Referring to FIG. 5, one embodiment of a method for performing a GROUP BY operation is illustrated. As illustrated, the grouping information is extracted from the aggregation information (500). The only relevant parts are the path information pi and the function used for grouping, fi. For each pi/fi pair, the list of fi values that can be reached for the given document is determined and stored as Fi (502). This information can be obtained from the analytical model (122). Next, out of the cross product of all sets Fi, a subset is determined based on structural and/or value restrictions given in the aggregation information (e.g., second value has to be larger than first value). This set is then sorted and stored in a list of valid value tuples (504). Next, the result list L is initialized (506) and then populated (508). For the population, the list of valid value tuples is iterated over. For each tuple found, a list of valid node tuples is created and added to L as a new element. Similar to the validity of value tuples, the validity of a node tuple is determined by structural and/or value restrictions given in the aggregation information (e.g., second node has to be sibling of first node). This way, the list L becomes a list of lists of n-tuples. The resulting list L is then returned (510).

GROUP BY EXPAND Operation

Referring to FIG. 6, one embodiment of a method for performing a GROUP BY EXPAND operation is illustrated. As illustrated, the grouping information is extracted from the aggregation information (600). The only relevant parts are the start and end of the expansion (p1 and p2, respectively) and the grouping function f. Next, all possible path expansions starting from p1 ending with p2 are computed for the given document and stored as P (602). This information can be obtained from the analytical model (122). Afterwards, |P| node pointers are initialized to the starting points of all path expansions (604). These pointers mark the current expansion level in the document. Then, the resulting hierarchical node list is initialized (606) and populated. If all node pointers have reached the last node in their corresponding path expansion (608), L is returned (610). If the check (608) fails, more node pointers can be updated. In this case, some (this can be one, all, or a subset of) node pointers are moved to their child nodes along the expansion path (612). Next, the set of node pointers is partitioned based on the function f (614).

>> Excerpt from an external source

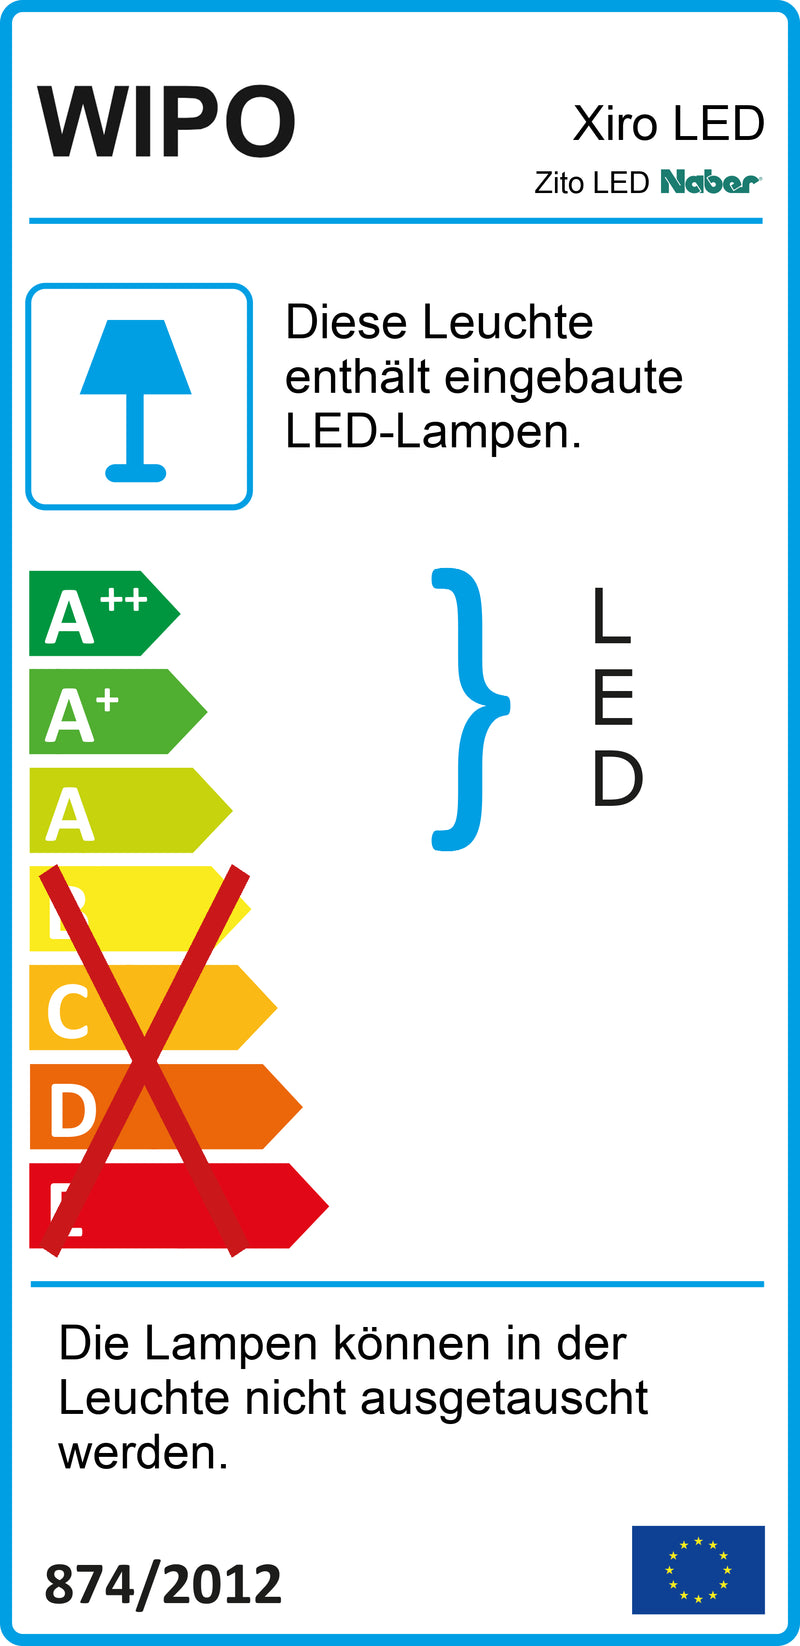 E-Label zu Zeichnung zu Zito LED als Variante L 1200 mm, 17 W, edelstahlfarbig von Naber GmbH in der Kategorie Lichttechnik in Österreich auf conceptshop.at

This means that f is applied to the nodes of all current node pointers and the resulting value determines which node pointers will be grouped together in one partition set. Once this partitioning is done, a new list of node lists M is initialized (616), populated (618), and added to L as a new element (620). The population encompasses, for each partition set, adding a list of document nodes N1, . . . , Nk to M such that each Ni is a node with path p2 and located in the subtree of one of the partition set nodes. Once M was added to L, it is again checked whether some node pointers can be further updated or whether all pointers have reached their final node (608). For this operation, L is a list of lists of node lists.

GROUP BY COLLAPSE Operation

The GROUP BY COLLAPSE operation is similar to the GROUP BY EXPAND operation but instead of considering path expansions, it considers path contractions. Referring to FIG. 7, one embodiment of a method for performing a GROUP BY COLLAPSE operation is illustrated. As illustrated, the grouping information is extracted from the aggregation information (700). The only relevant parts are the start and end of the contraction (p1 and p2, respectively) and the grouping function f. Next, all possible path contractions starting from p1 ending with p2 are computed for the given document and stored as P (702). This information can be obtained from the analytical model (122). Afterwards, |P| node pointers are initialized to the starting points of all path contractions (704). These pointers mark the current contraction level in the document. Then, the resulting hierarchical node list is initialized (706) and populated. If all node pointers have reached the last node in their corresponding path contraction (708), L is returned (710). If the check (708) fails, more node pointers can be updated. In this case, some (this can be one, all, or a subset of) node pointers are moved to their parent nodes along the contraction path (712). Next, the set of node pointers is partitioned based on the function f (714). This means that f is applied to the nodes of all current node pointers and the resulting value determines which node pointers will be grouped together in one partition set. Once this partitioning is done, a new list of node lists M is initialized (716), populated (718), and added to L as a new element (720). The population encompasses, for each partition set, adding a list of document nodes N1, . . . , Nk to M such that each Ni is a node with path p1 and located in the subtree of one of the partition set nodes. Once M was added to L, it is again checked whether some node pointers can be further updated or whether all pointers have reached their final node (708). For this operation, L is a list of lists of node lists.

GROUP BY TREE Operation

The GROUP BY TREE operation is similar to the GROUP BY operation but each component of the grouping can also assume the special value NULL. Referring to FIG. 8, one embodiment of a method performing the GROUP BY TREE operation is illustrated. First, grouping information is extracted (800). Next, all possible values for each grouping function are determined and stored (802). In contrast to GROUP BY, this method adds the special value NULL to each list Fi. Next, the valid value tuples are determined (804). If any constraint has to be checked with one of the constraint components being NULL, the constraint is assumed to be valid. Once the valid value tuples are determined, the result list L is initialized (806) and populated (808). For the population, the list of valid value tuples is iterated over. For each tuple found, a list of valid node tuples is created and added to L as a new element. A node tuple is valid if all structural and/or value restrictions given in the aggregation information are complied with. The special value NULL in a value tuple is treated like a “joker”, i.e. any node value complies with it. Similar to GROUP BY, the list L becomes a list of lists of n-tuples. Next, the populated list L is returned (810).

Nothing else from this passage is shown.